Google Summer Of Code (GSoC)
Google Summer of Code (GSoC)
is a 10-week program that enlists contributors to work on open source projects
in collaboration with open source organizations. For GSoC 2022, GitLab offered
four projects to GSoC contributors. The contributors completed each of the
projects with the guidance from GitLab team members who mentored them and
provided regular feedback and assistance when needed.
Terms & Notation
In this blog post, we use the terms/acronyms below to classify findings reported by security analyzers.
Acronym | Meaning | Description |
---|---|---|
TP | True Positive | Analyzer correctly identifies a vulnerability. |
FP | False Positive | Analyzer misidentifies a vulnerability or reported a vulnerability where none exist. |
TN | True Negative | Analyzer correctly ignores a potential false positive. |
FN | False Negative | Analyzer does not report a known vulnerability. |
For the figures in the blog post we use the following notation: processes are
depicted as rounded boxes, whereas artifacts (e.g., files) are depicted as
boxes; arrows denote an input/output (IO) relationship between the connected nodes.
flowchart TB;
subgraph legend[ Legend ]
proc(Process);
art[Artifact];
proc -->|IO relation|art;
end
Motivation
The authors of the paper How to Build a Benchmark distilled the desirable characteristics of a benchmark below:
- Relevance: How closely the benchmark behavior correlates to behaviors that are of interest to consumers of the results.
- Reproducibility: The ability to consistently produce similar results when the benchmark is run with the same test configuration.
- Fairness: Allowing different test configurations to compete on their merits without artificial limitations.
- Verifiability: Providing confidence that a benchmark result is accurate.
- Usability: Avoiding roadblocks for users to run the benchmark in their test environments.
There currently is no standard nor de facto language-agnostic SAST benchmark
satisfying all the criteria mentioned above.
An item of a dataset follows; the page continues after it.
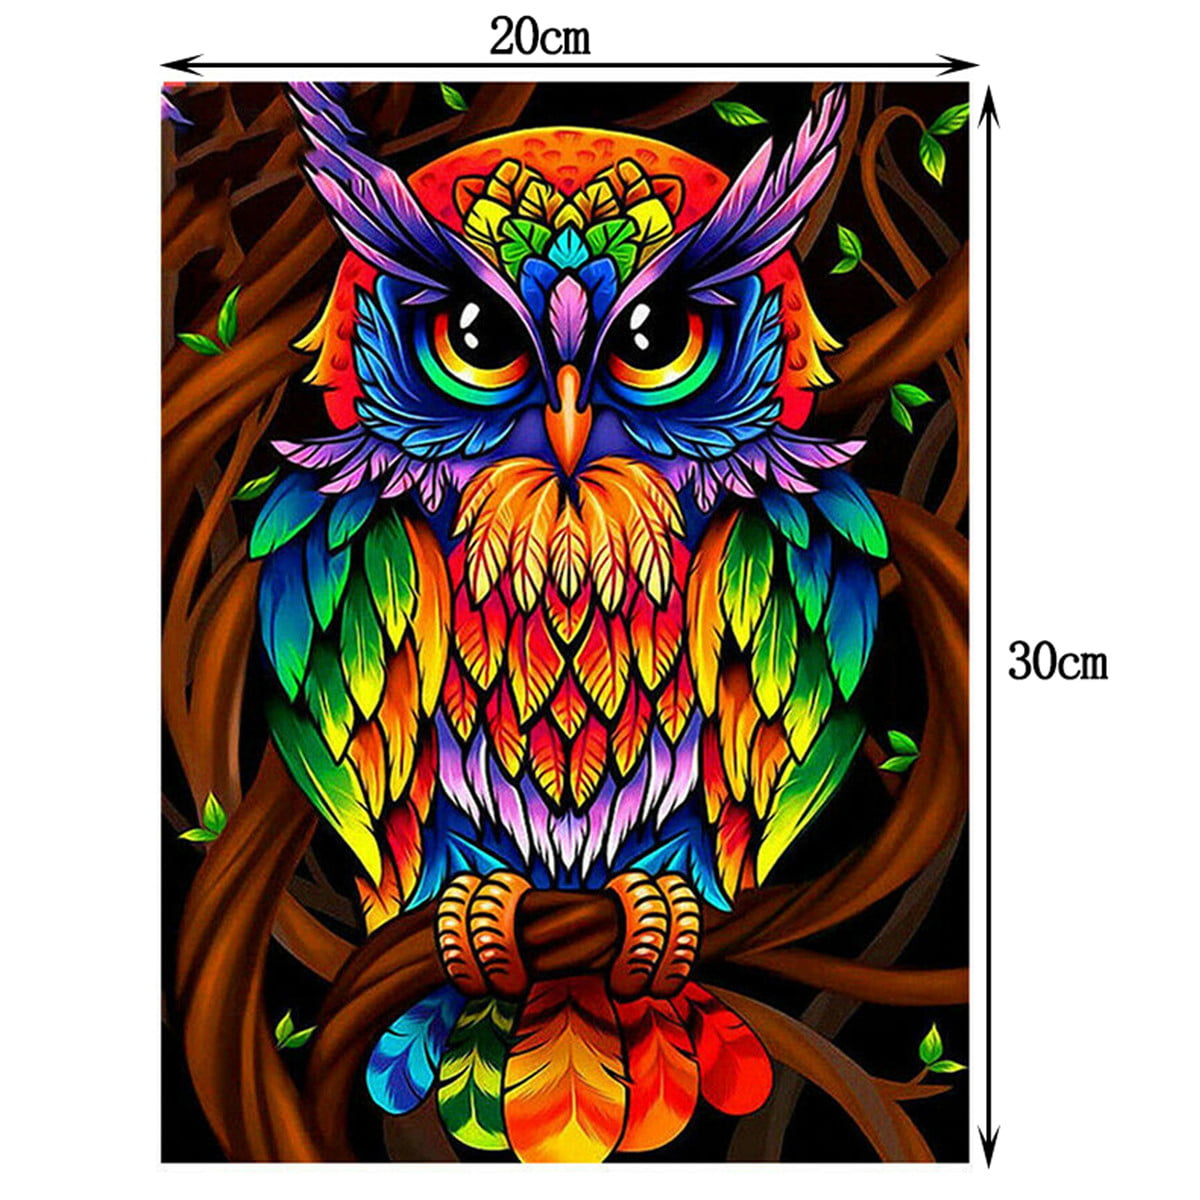  pvoodire Eagle Diamond Painting Kits for Adults-Owl Diamond  Art,5D Diamond Painting Owl for Home Wall Decor Gifts(12x16inch)
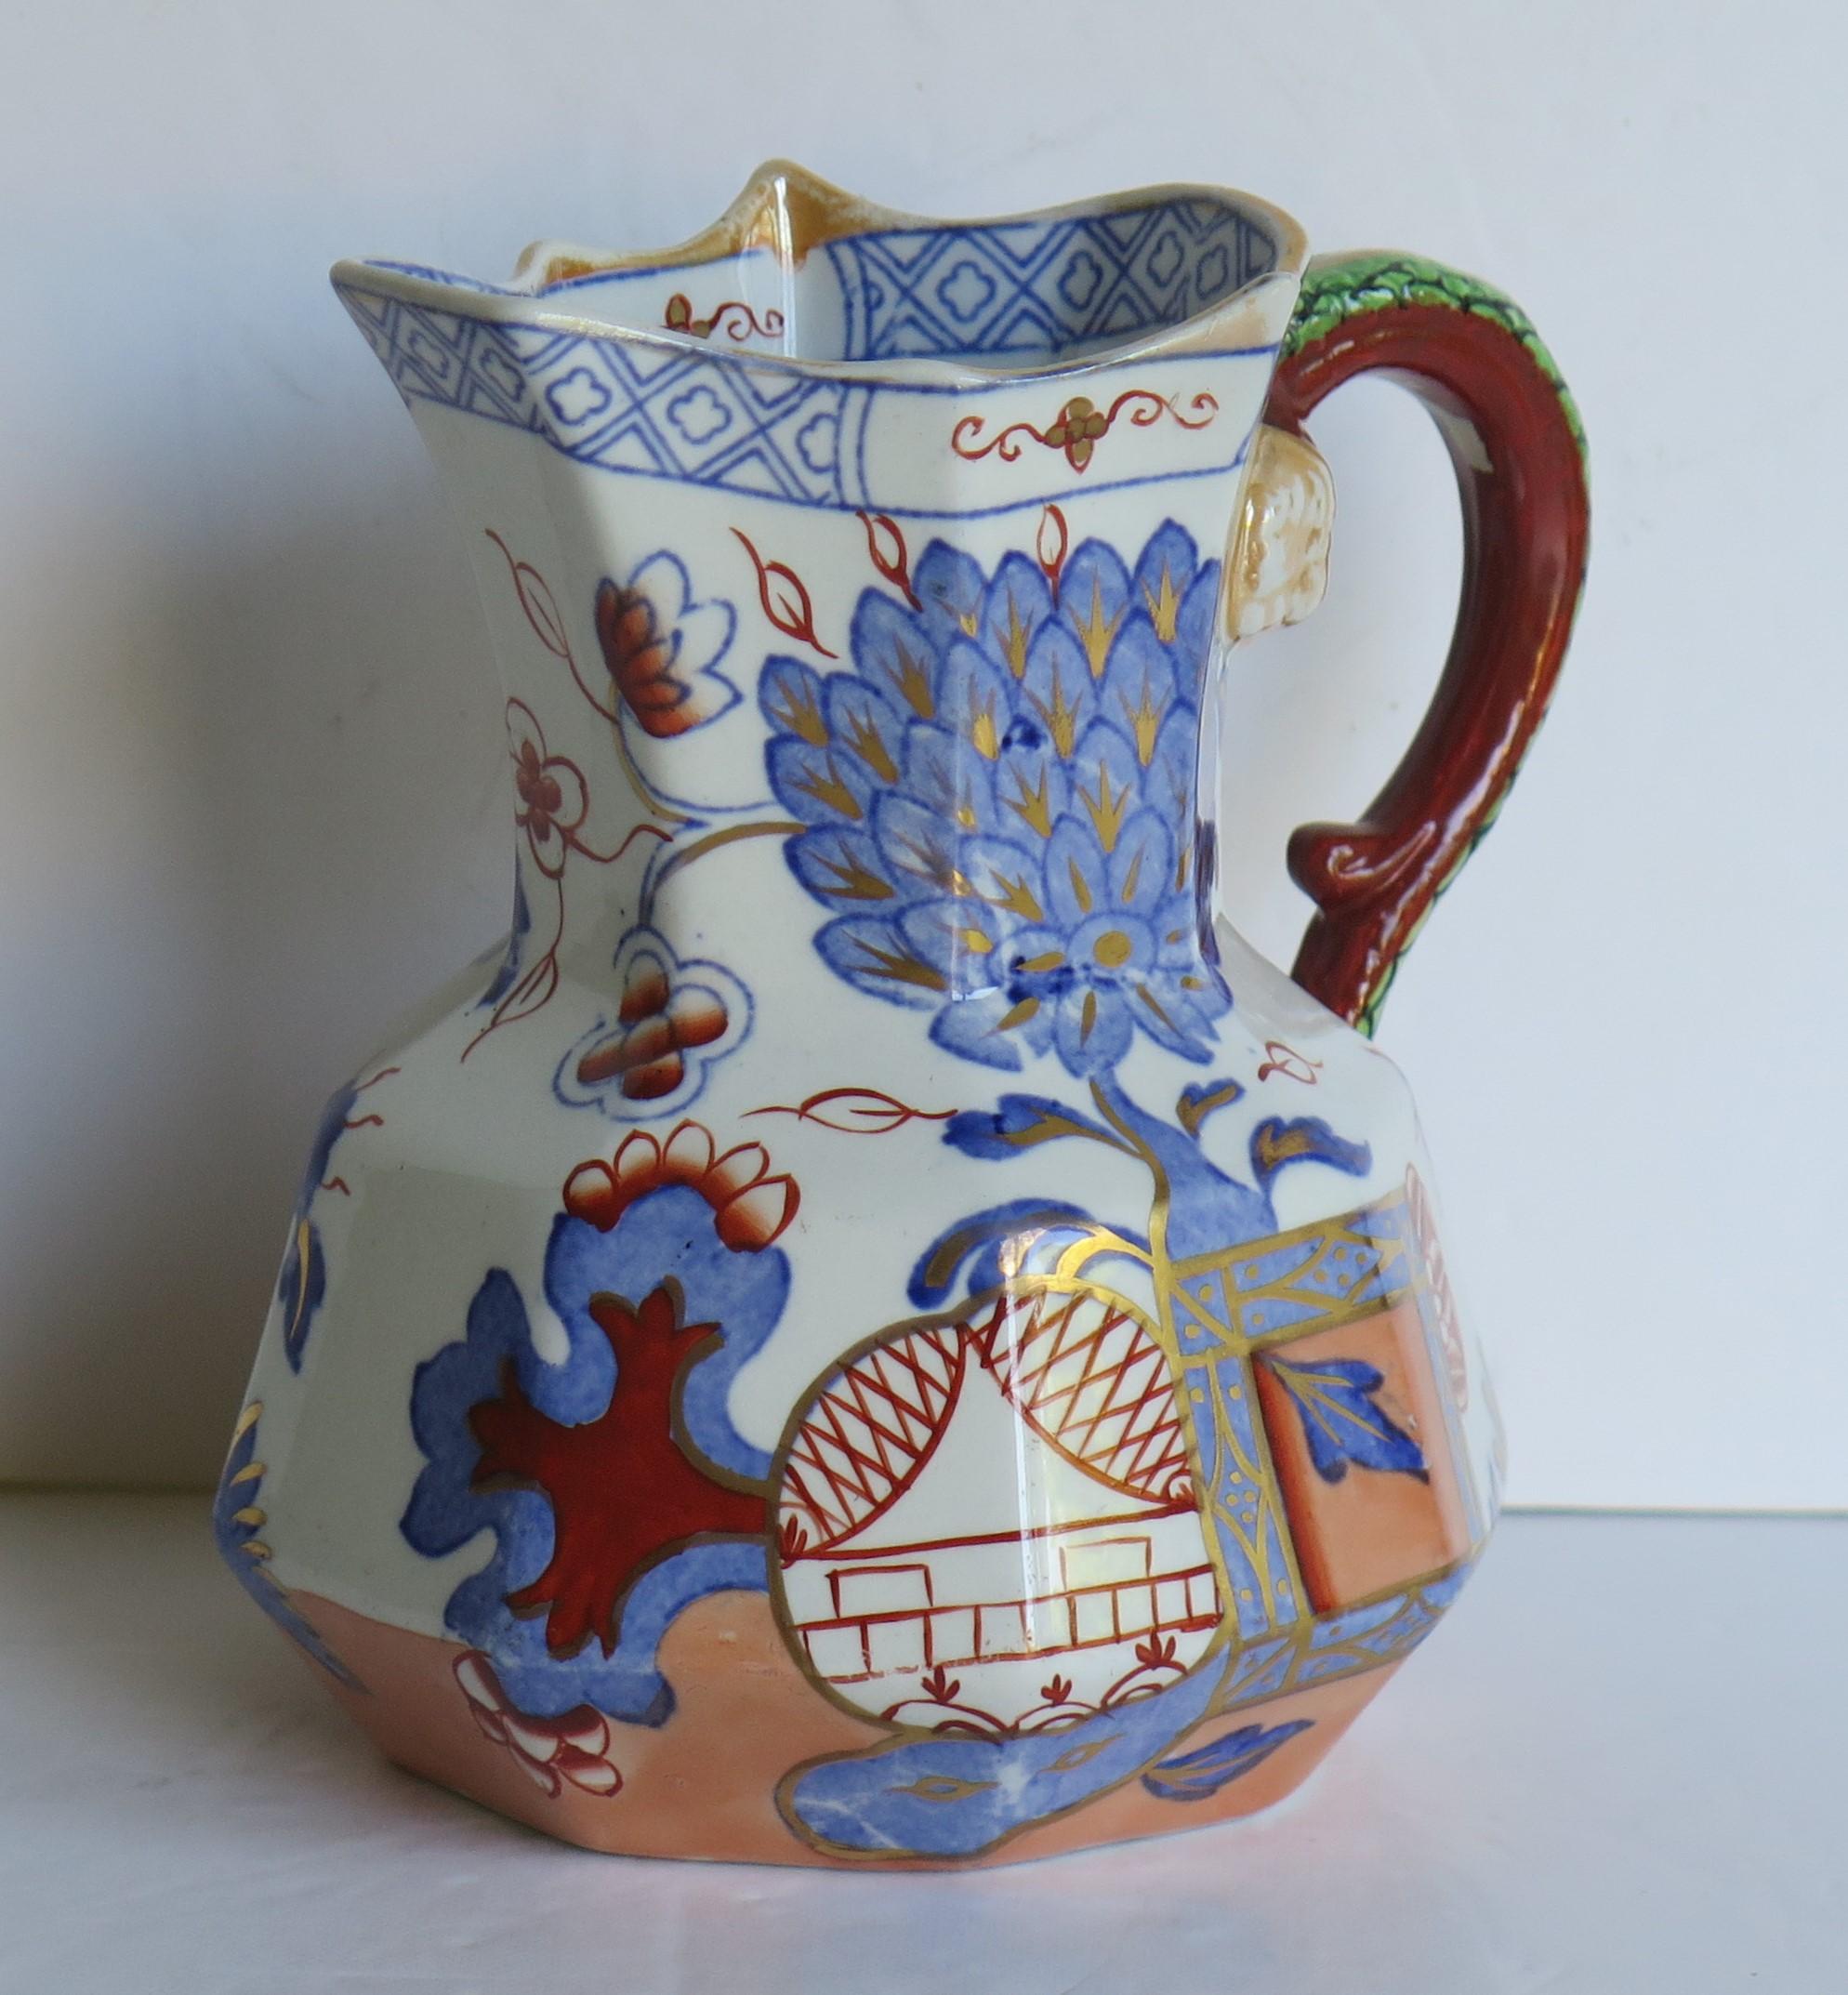 Chinoiserie Mason's Ironstone Hydra Jug or Pitcher in the Jardinière Pattern, circa 1870

Many benchmark suites focus on
specific languages, are shipped with incomplete or missing ground-truths, or
are based on outdated technologies and/or frameworks. A ground-truth or
baseline is the set of findings a SAST tool is expected to detect.
The main objective of the GSoC project was to close this gap and start to
create a benchmarking framework that addresses all the desirable charateristics
mentioned above in the following manner:
- Relevance: Include realistic applications (in terms of size, framework usage
and customer demand). - Reproducibility: Automate the whole benchmarking process in CI.
- Fairness: Make it easy to integrate new SAST tools by just tweaking the CI
configuration and use the GitLab security report schema as a common standard. - Verifiability: Assemble baseline that includes all the relevant
vulnerabilities and make it publicly available. The baseline is the north star
that defines what vulnerabilities are actually included in a test application. - Usability: Benchmark users can just integrate the benchmark as a downstream
pipeline to their CI configuration.
A benchmarking framework for SAST
The benchmarking framework compares the efficacy of an analyzer against a known
baseline. This is very useful for monitoring the efficacy of the analyzer that
participates in the benchmarking. The baseline is the gold standard that serves
as a compass to guide analyzer improvements.
Usage
For using the framework, the following requirements have to be met:
- The analyzer has to be dockerized.
- The analyzer has to produce a vulnerability report that adheres to the
GitLab security report schema
format, which serves as our generic intermediate representation to compare
analyzer efficacy. - The baseline expectations have to be provided as
GitLab security report schema
so that we can compare the analyzer output against it.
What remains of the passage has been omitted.